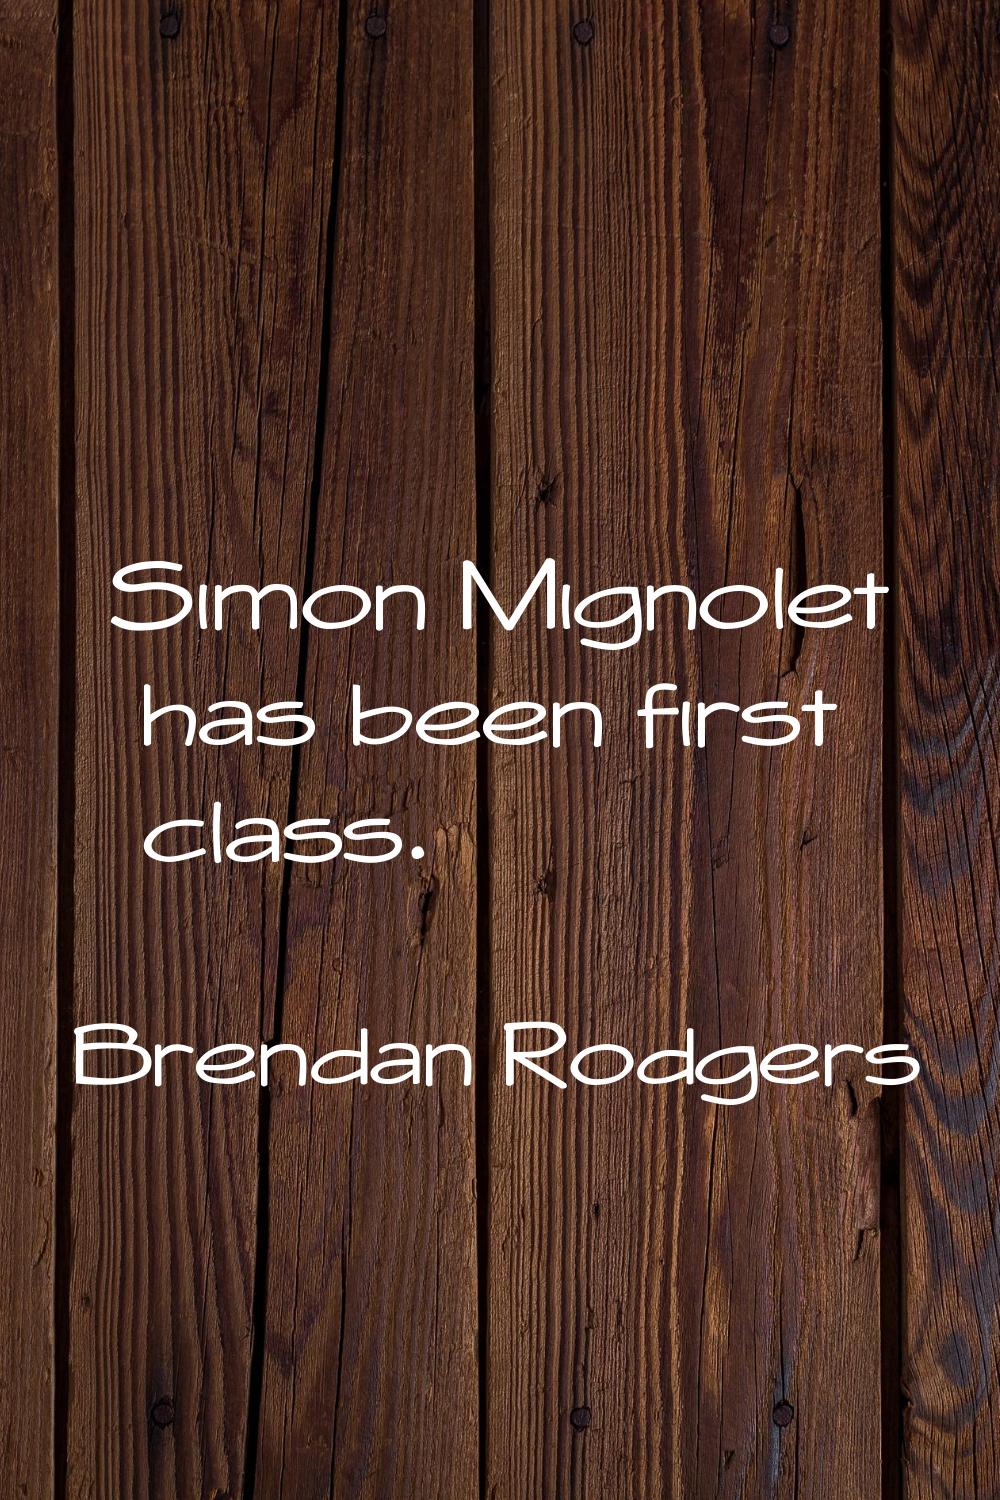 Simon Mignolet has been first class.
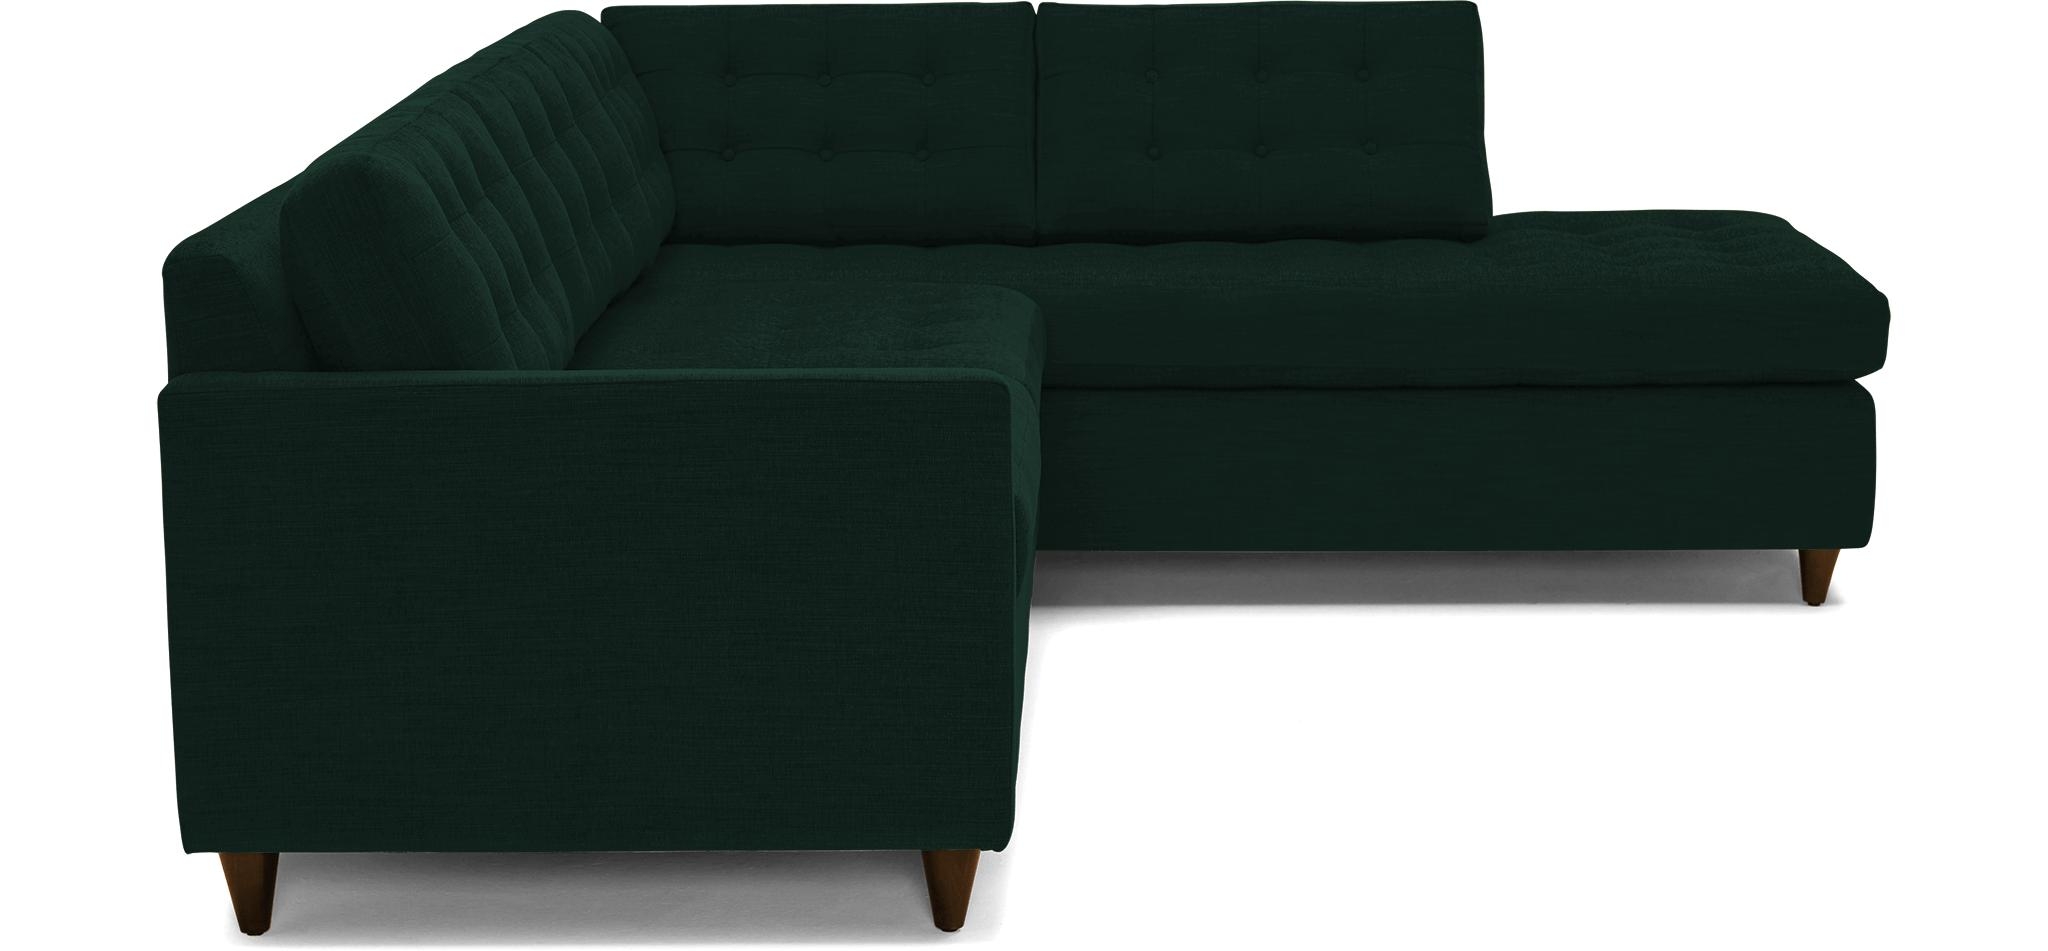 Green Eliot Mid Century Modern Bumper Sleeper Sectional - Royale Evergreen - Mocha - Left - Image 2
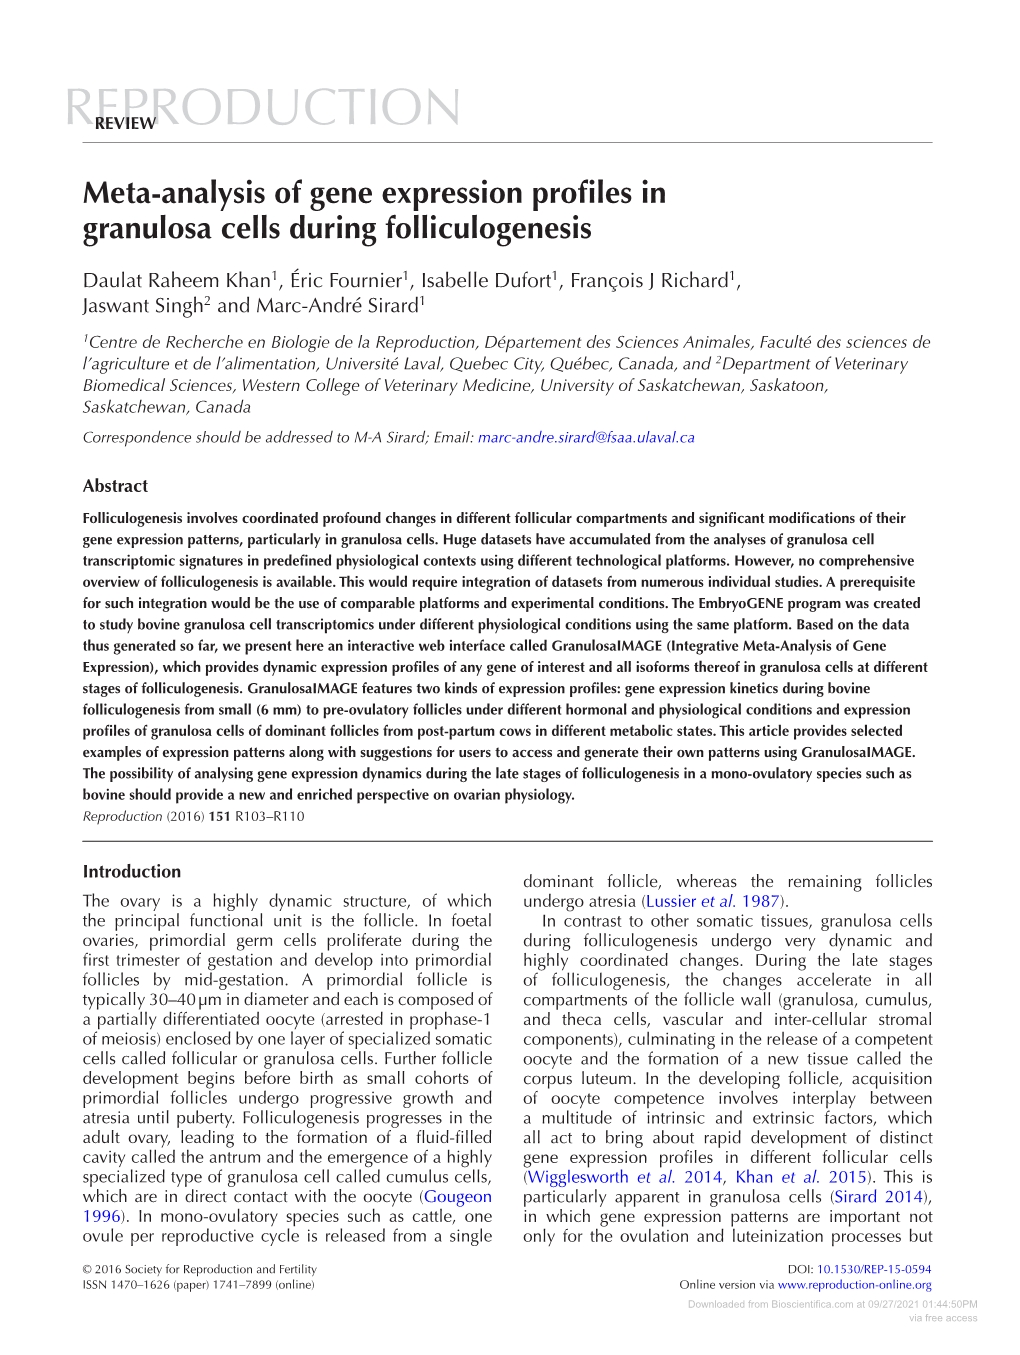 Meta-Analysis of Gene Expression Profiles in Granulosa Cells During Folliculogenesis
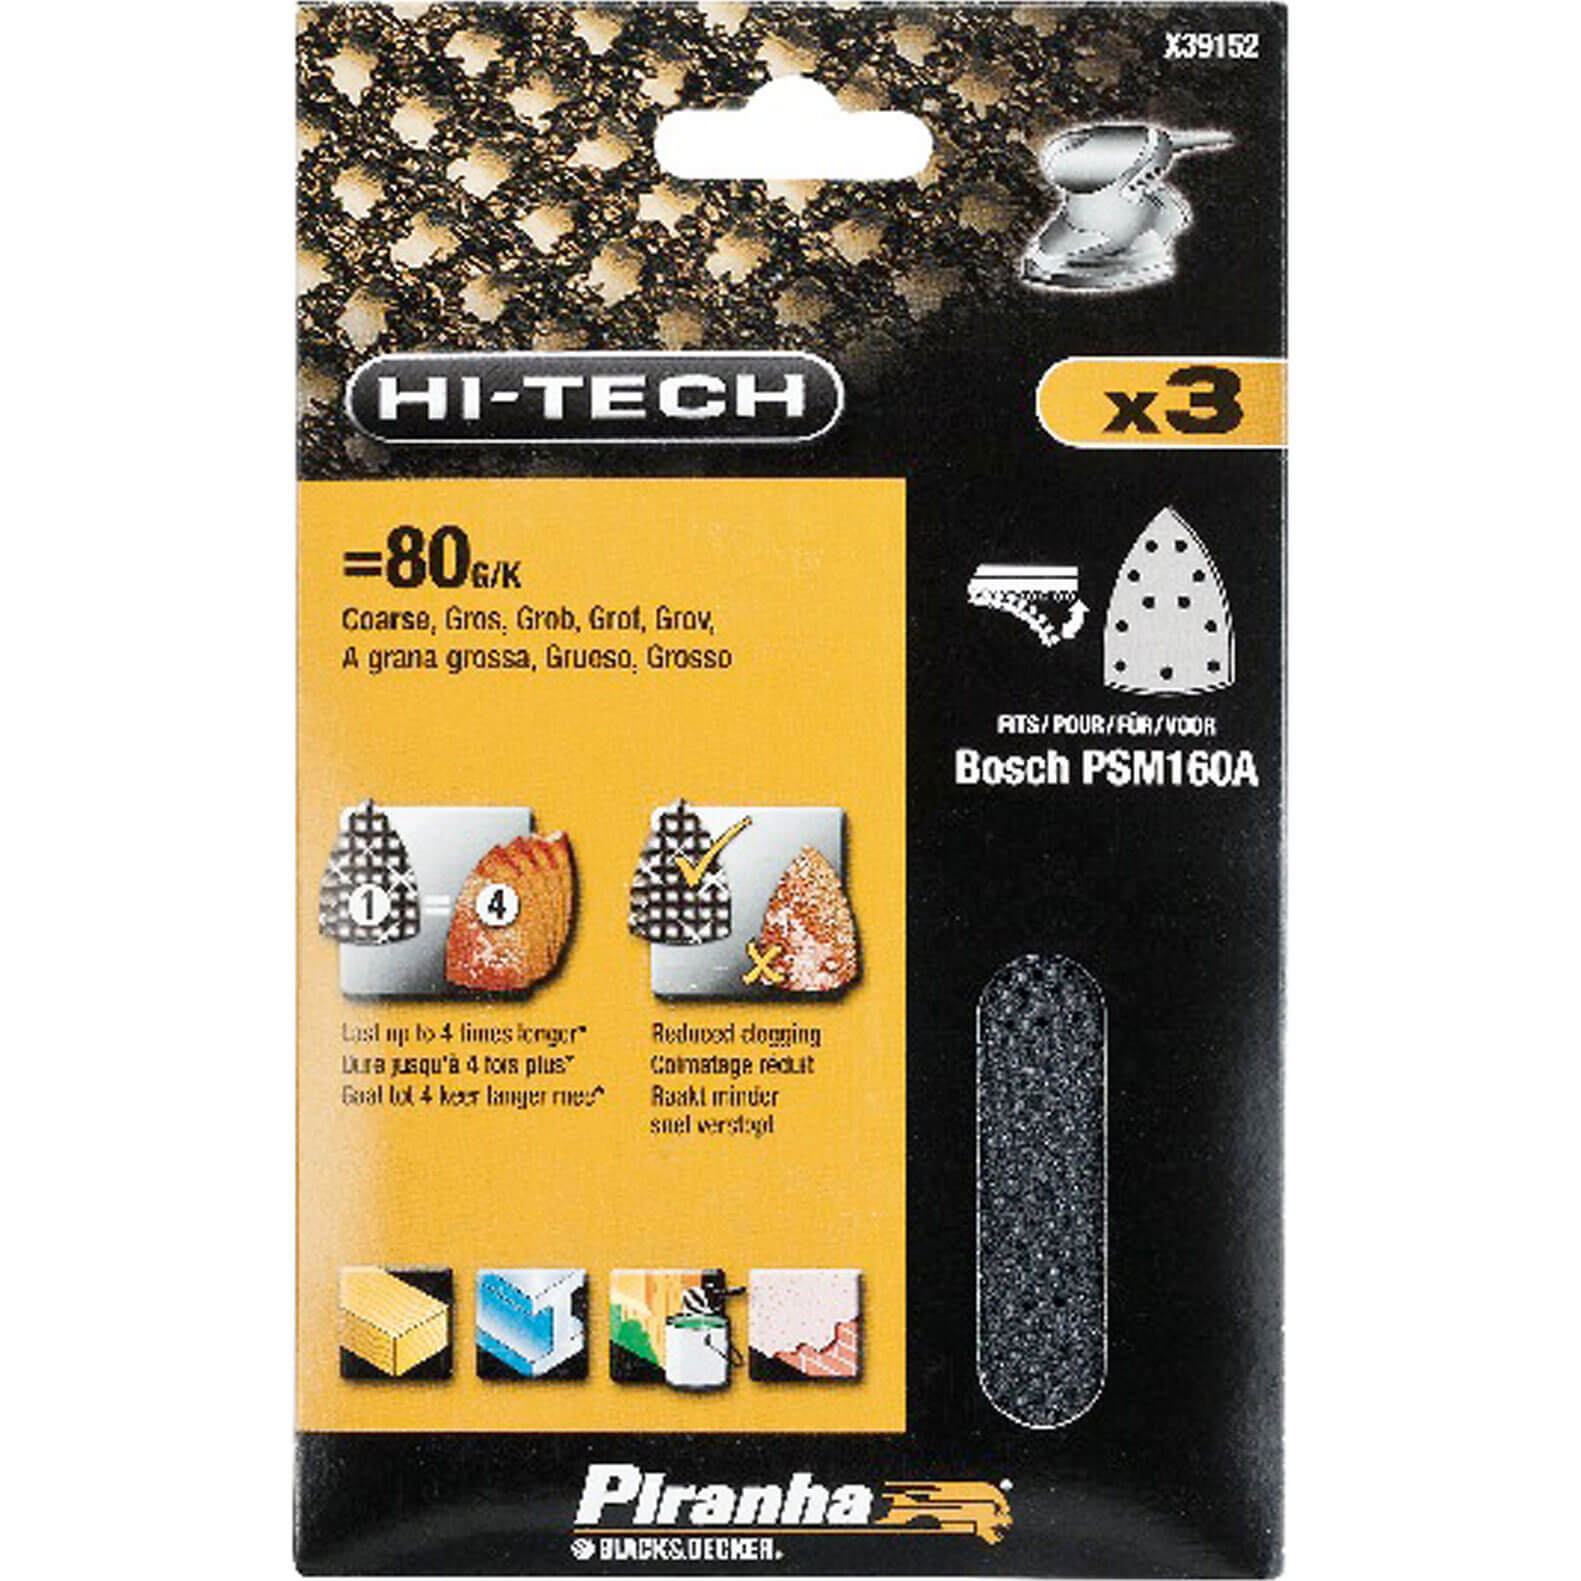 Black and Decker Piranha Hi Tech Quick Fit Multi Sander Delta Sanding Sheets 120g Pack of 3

> What you are asked to do: Output nothing but the lines from the one containing "Green Eliot Mid" to the end of the listing, both ends included, reproduced exactly. Pictures stay out.

> The completed task:
 Green Eliot Mid Century Modern Bumper Sleeper Sectional - Royale Evergreen - Mocha - Left - Image 2
 Meta-Analysis of Gene Expression Profiles in Granulosa Cells During Folliculogenesis
 Black and Decker Piranha Hi Tech Quick Fit Multi Sander Delta Sanding Sheets 120g Pack of 3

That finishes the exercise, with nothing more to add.